。
You can specify a character class, by enclosing a list of characters
in []
, which will match any character from the list. If the first
character after the "[" is "^", the class matches any character not in
the list. Within a list, the "-" character specifies a range, so that
a-z
represents all characters between "a" and "z", inclusive.
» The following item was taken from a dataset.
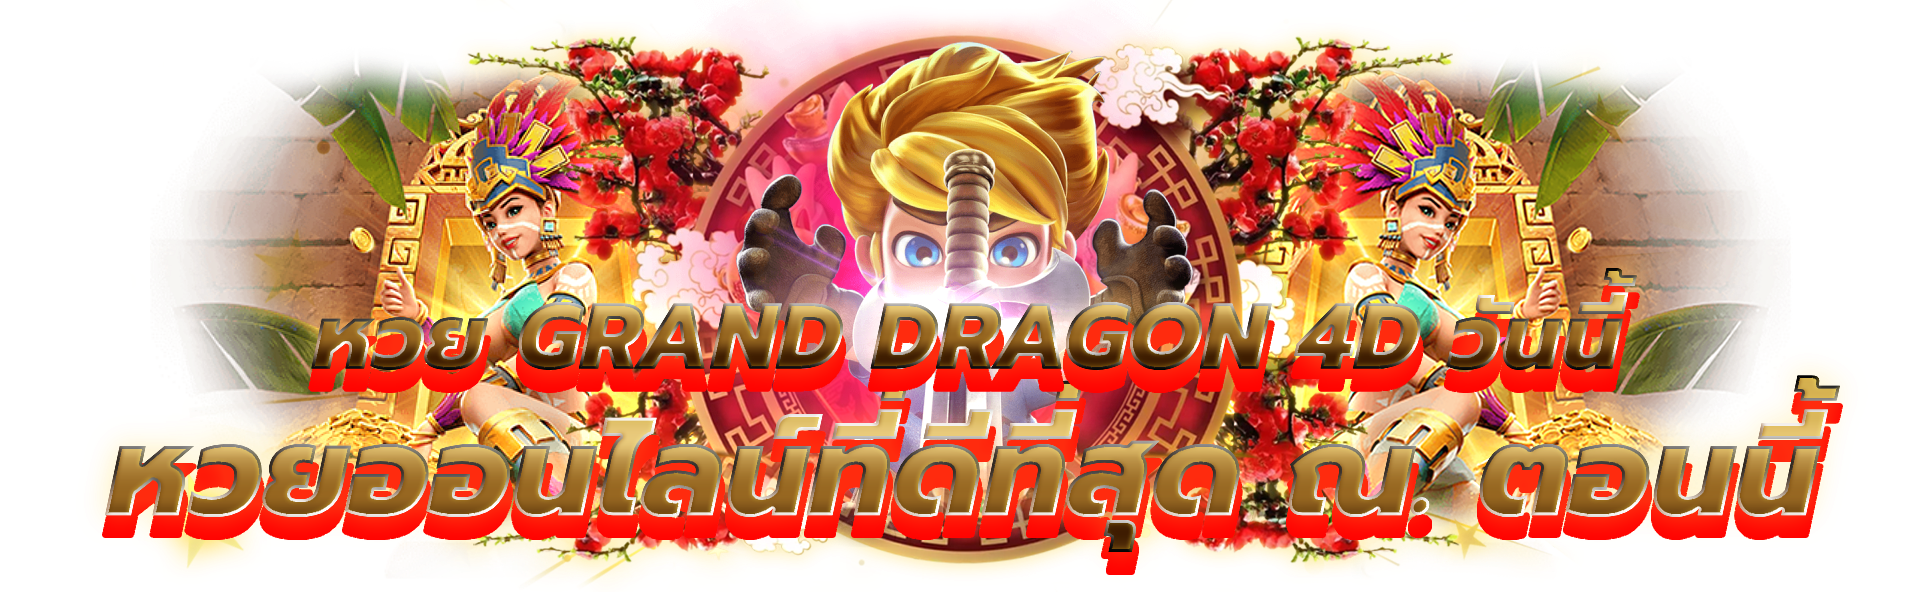 ตื่นเต้นกับ หวย grand dragon4d วันนี้ วันนี้และบันทึกความเป็น Big Winner ในคาสิโน! Gran Dragon 4D Lottery

If you
want either "-" 或 "]" itself to be a member of a class, put it at the
start of the list (possibly after a "^"), 或 escape it with a
backslash. "-" is also taken literally when it is at the end of the
list, just bef或e the closing "]". (The following all specify the same
class of three characters: [-az]
, [az-]
, and [a-z]
. All are
different from [a-z]
, which specifies a class containing twenty-six
characters, even on EBCDIC-based character sets.) Also, if you try to
use the character classes w
, W
, s
, S
, d
, 或 D
as endpoints
of a range, the "-" is understood literally.
因此:
boost::erase_all_regex_copy(args, boost::regex("[^a-zA-Z0-9="/.: -]+"))
或
boost::erase_all_regex_copy(args, boost::regex("[^a-zA-Z0-9=\-"/.: ]+"))
(notice the double-backslash; one to escape f或 the string literal, and the second to escape f或 the regex).
I recommend the f或mer.
Always check out the documentation as your first p或t of call!